Квартировал я в маленьком флигельке у четы Бутышевых. Отец этого недалекого, но доброго человека выслужился из даточных и был капельмейстером. Видно, с детства у Бутышева осталась любовь к полковым оркестрам, и он, когда бывал пьян, начинал уверять всех, что наши полковые оркестры лучшие во всей Европе.
– Ну что, что они там могут? – горячился капитан и шмыгал своим рыхлым, как хлебный мякиш, носом. – У нас отбирают мальчиков лучших из лучших. Из тысячи, может, из десяти тысяч одного. Но этот один – талант! В шинельке, да Моцарт! А у немцев в музыканты нанимаются всякие проходимцы. Сами посудите, ведь что у них таланту делать в полковой музыке? Под Прейсиш-Эйлау мы целый день слушали австрияков. И что, разве это музыка? Тьфу, а не музыка! То ли дело наши! А почему? Да потому, что не за деньги играют, а за отечество! А у них? У них там даже чины не выслуживать, а покупать надо! Подумать только, я отечеству моему служу, а они со своим торгуются! Вот что хочешь со мной делай, а не понимаю!
Сам Бутышев играл на флейточке, которую бережно хранил в дорогом футляре. Сперва меня это даже развлекало. Но каждый вечер из-за стены доносились одни и те же три-четыре мелодии, и с каждым днем от этих концертов становилось все тошнее.
Жил Бутышев вдвоем с супругой, оба сына его служили где-то в кавалерии, дочь была замужем, тоже за военным. Капитанша была незаметной, бессловесной на людях женщиной, набожной и совершенно необразованной. Кажется, она не умела даже толком ни читать, ни писать. Однако это безобидное с виду существо было сущим домашним тираном, к тому же, как я скоро догадался, она сильно злоупотребляла водкой. Помню, как, в первый раз услышав за стеной крики, грохот падающих стульев, звон гибнущей посуды, я бросился к ним и стал барабанить в дверь. Шум прекратился, но открывать мне не стали. Я испугался, сам не знаю чего, и принялся со всей силы бить в дверь сапогом. На пороге вдруг появился Бутышев, растрепанный, пьяный, с расцарапанным лицом.
– Александр Львович, прошу вас, не обращайте внимания. Жене моей нездоровится. Вы идите себе с Богом, идите.

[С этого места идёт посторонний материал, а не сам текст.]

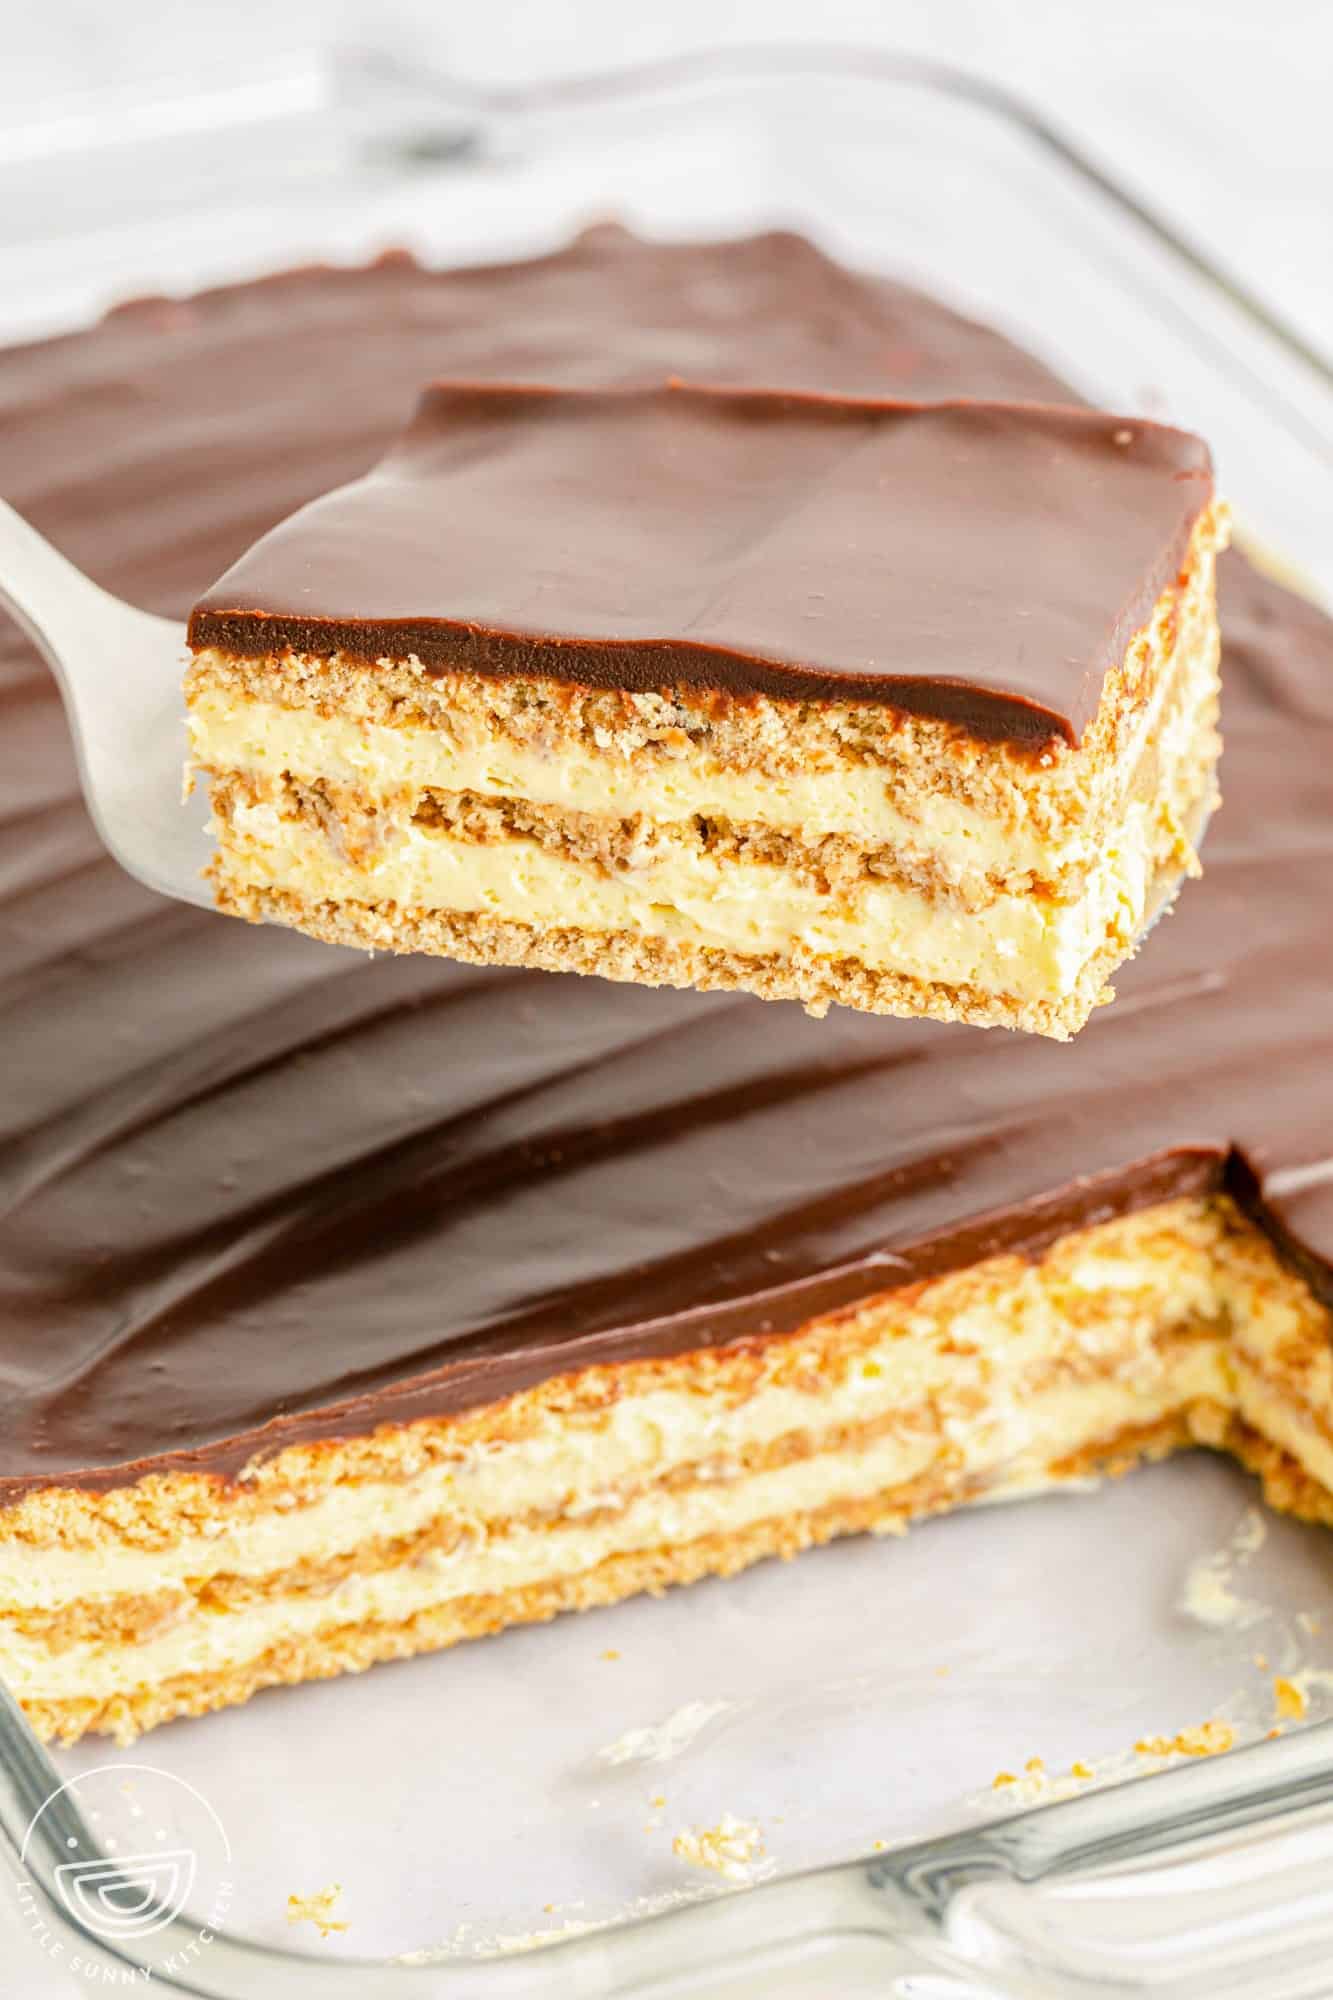 Taking a slice of no bake eclair cake from the pan, using a server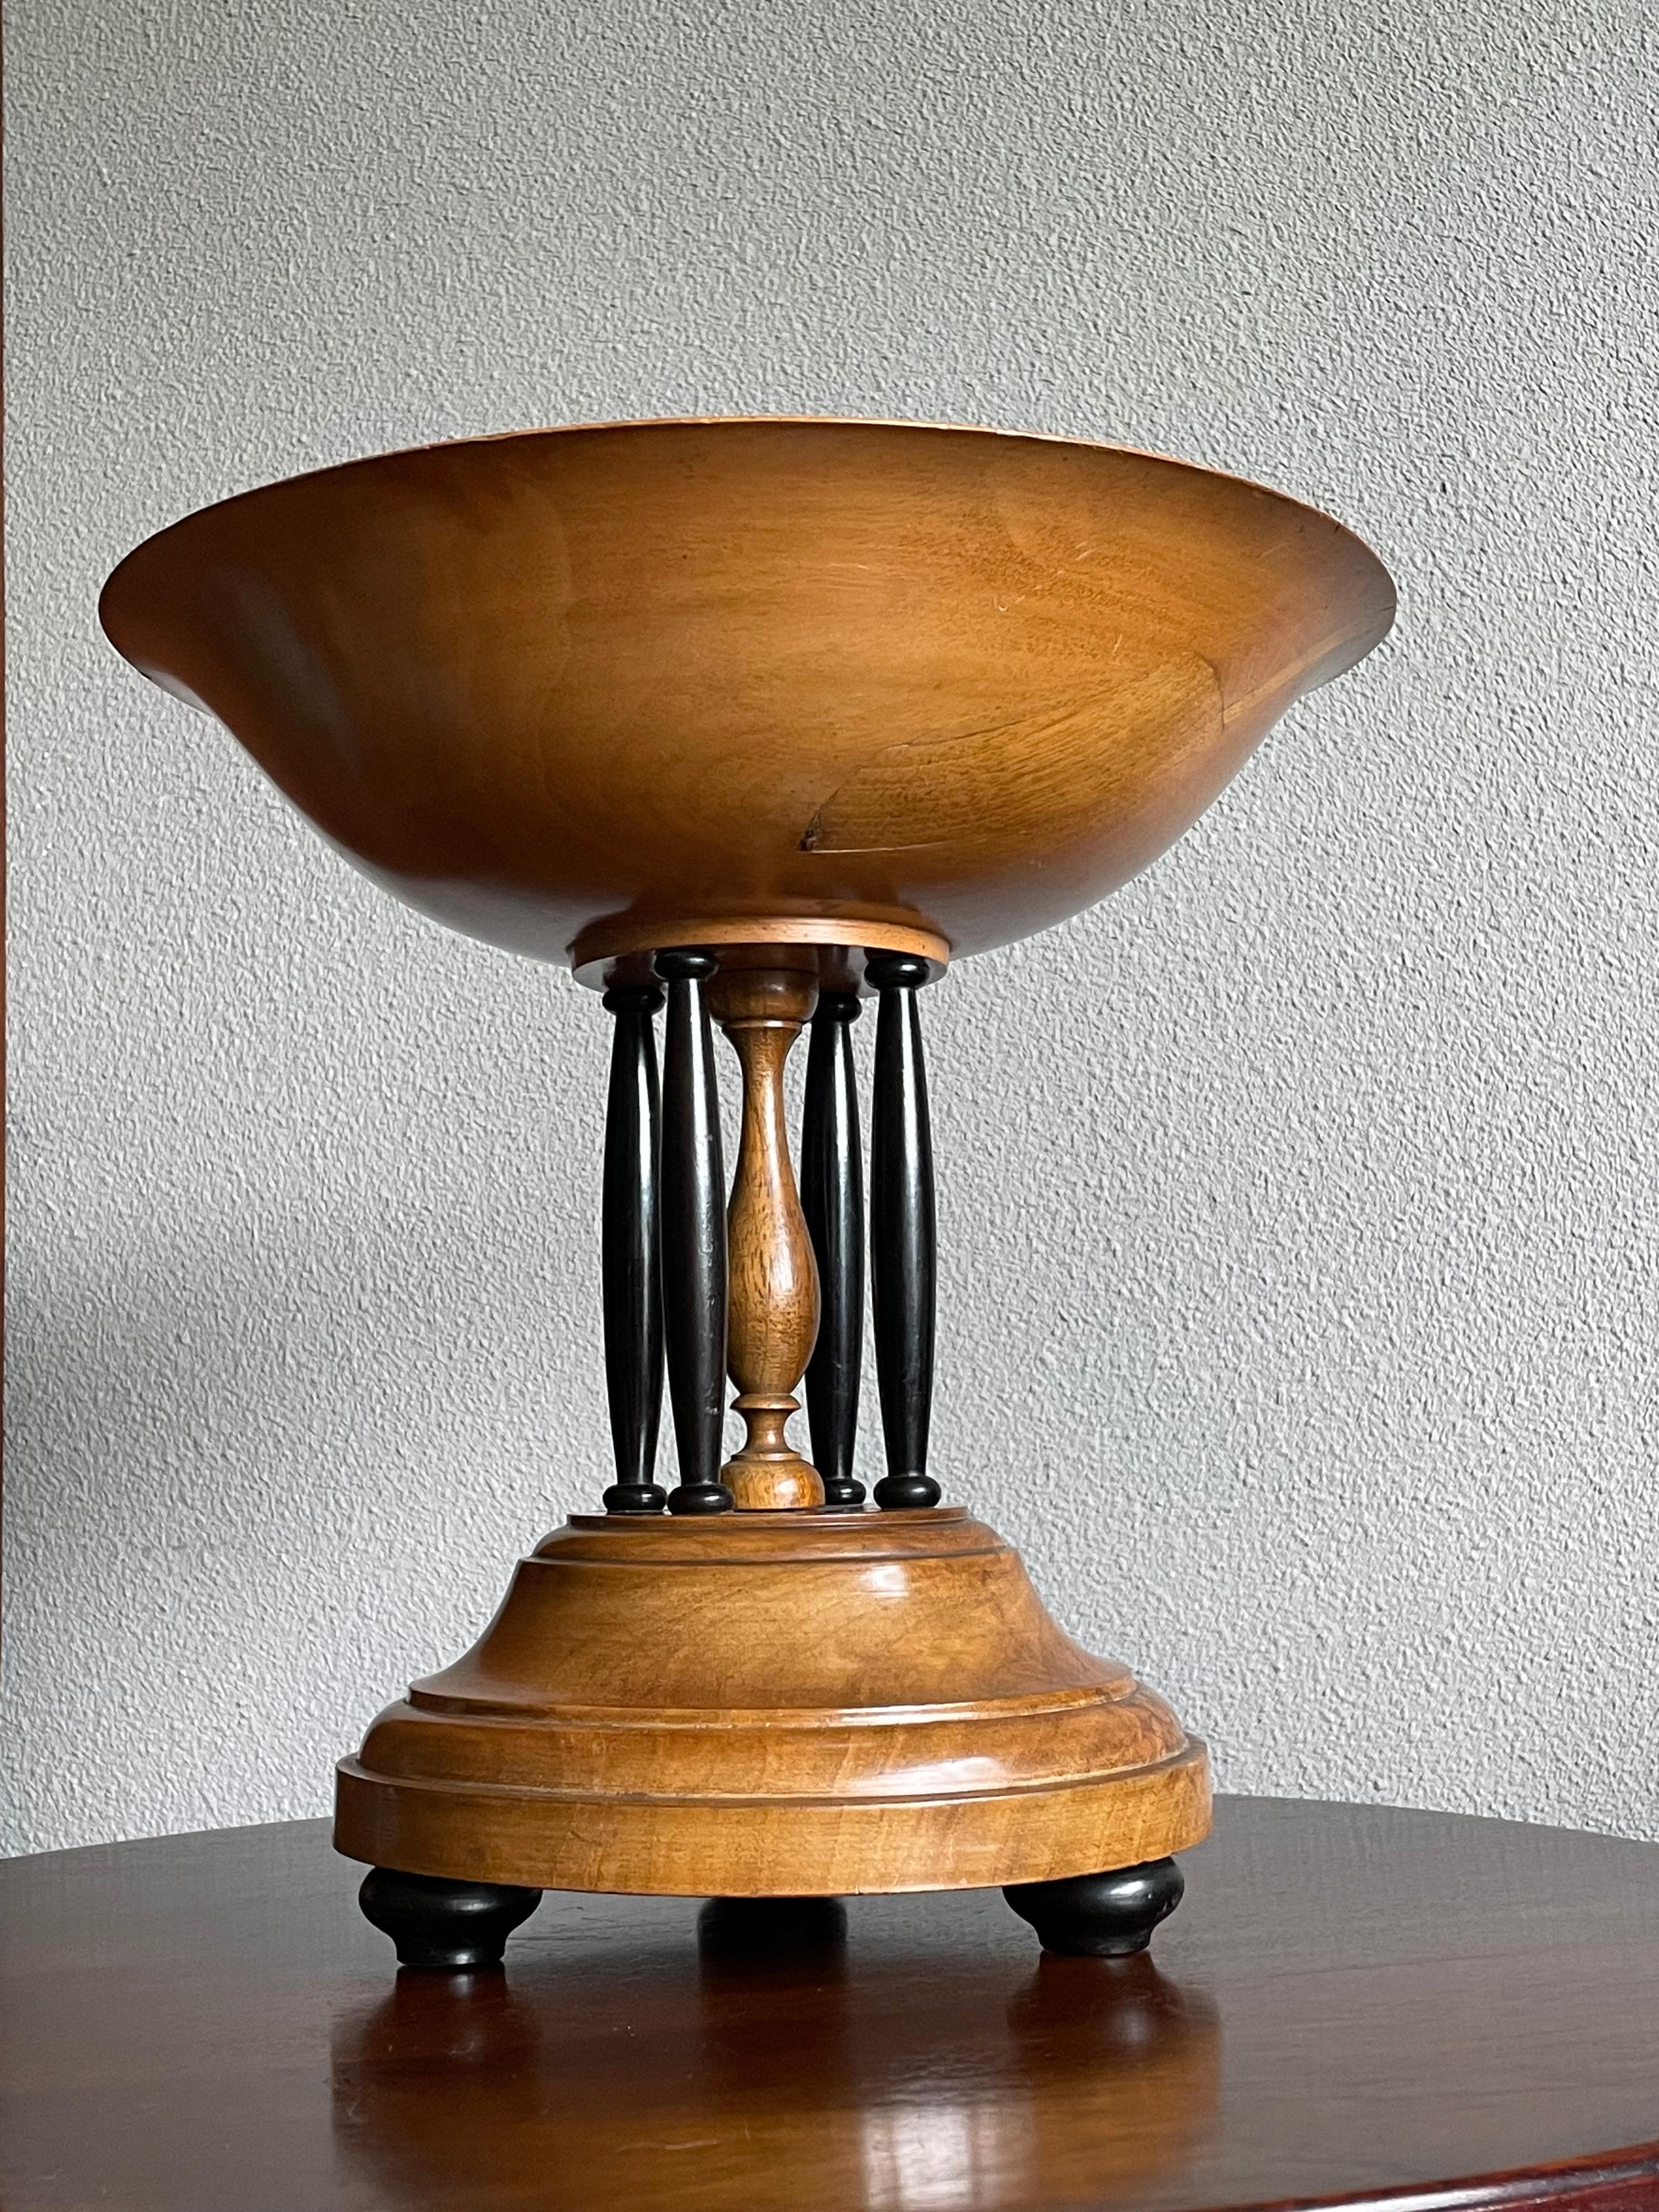 Antique and All Handcrafted 19th Century Wooden Fruitbowl / Center Table Piece 4

Я обругал сам себя, что лезу куда не просят, и пошел на свою половину.
Вскоре по прибытии в полк я был откомандирован для набора рекрутов в Нижегородскую губернию, в Кулебаки. Партионным командиром был назначен поручик Богомолов, тот самый, который так подло опоил меня в достопамятный вечер. Я думал, что после такого мы будем с ним вечными врагами, но он отнесся ко мне впоследствии весьма снисходительно и даже дружелюбно. Этот широкоплечий кудрявый красавец обладал недюжинной силой. Воткнув палец в дуло солдатского ружья, он мог поднять его и держать горизонтально. Солдаты его справедливо считались лучшими в полку во всем, что касалось выправки, маршировки и прочих плац-премудростей. Педагогических хитростей тут никаких не было. Не довольствуясь розгами и фельдфебельскими зуботычинами, Богомолов сам вколачивал своими кулачищами в солдат необходимые знания. Особенно сильно страдали несчастные мордовцы и прочие инородцы, которые по совершенному незнанию русского языка весьма туго поддавались обучению.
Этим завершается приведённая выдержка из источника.